How do I import data into Hive from a table?
There are various ways to import data into a table in Hive, the specific method depends on the data’s source and format. Here are some common methods for importing data:
- By using the LOAD DATA statement, you can import data from a local file into a Hive table. For example, if you have a Hive table named my_table, you can use the following command to load data from a local file into that table:
LOAD DATA LOCAL INPATH '/path/to/local/data/file' INTO TABLE my_table;
Please note that the LOAD DATA statement, by default, will move the data to the Hive data directory. If you want to retain the data locally, use the LOCAL keyword.

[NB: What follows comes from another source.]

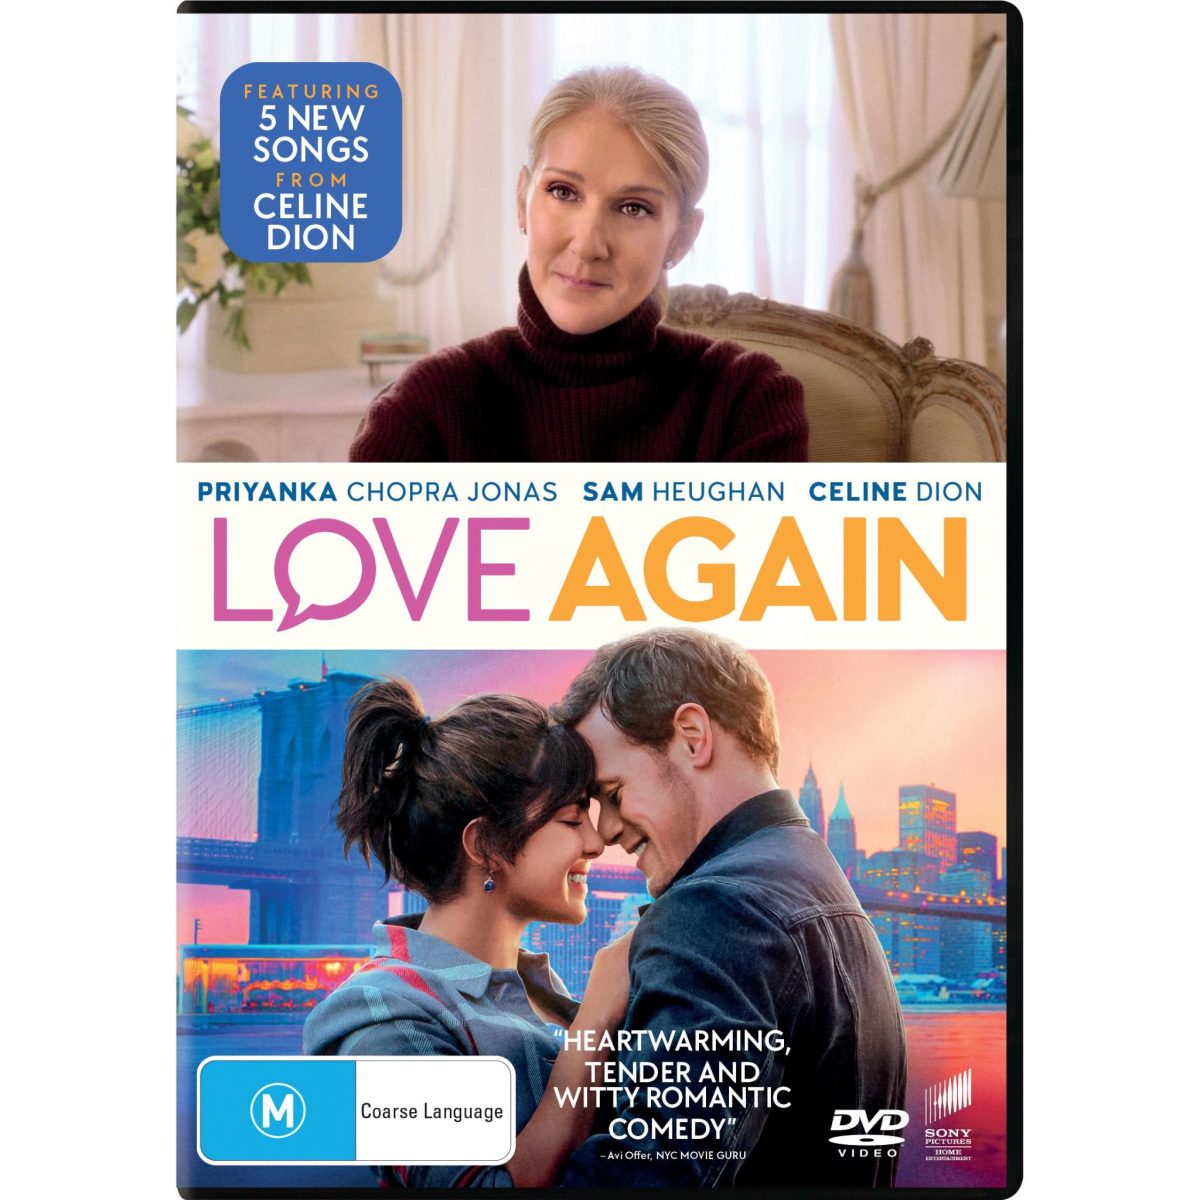 Love Again DVD | Priyanka Chopra Jonas | Region 2 & 4

- To insert data from another Hive table or query results into an existing Hive table, you can use the INSERT statement. For example, if you have a Hive table called my_table and another table named source_table, you can use the following command to insert the data from source_table into my_table:
INSERT INTO TABLE my_table SELECT * FROM source_table;
Specific conditions can also be used to filter the data to be inserted, for example:
INSERT INTO TABLE my_table SELECT col1, col2 FROM source_table WHERE col3 > 10;
- By using Hive’s Hadoop InputFormat, you can import data from Hadoop Distributed File System (HDFS). Simply upload the data files to HDFS, then create a table using Hive’s CREATE TABLE statement, specifying the Hadoop InputFormat and the location of the data files. For example:
CREATE TABLE my_table (col1 INT, col2 STRING)
ROW FORMAT DELIMITED
FIELDS TERMINATED BY ','
STORED AS TEXTFILE
LOCATION '/path/to/hdfs/data/file';
In this example, the location of the data file is /path/to/hdfs/data/file, which can be a single file or a directory. Next, use the LOAD DATA statement to import the data into the table:
LOAD DATA INPATH '/path/to/hdfs/data/file' INTO TABLE my_table;
These are some common methods for importing data into tables in Hive, and the specific method can be chosen based on the source and format of the data.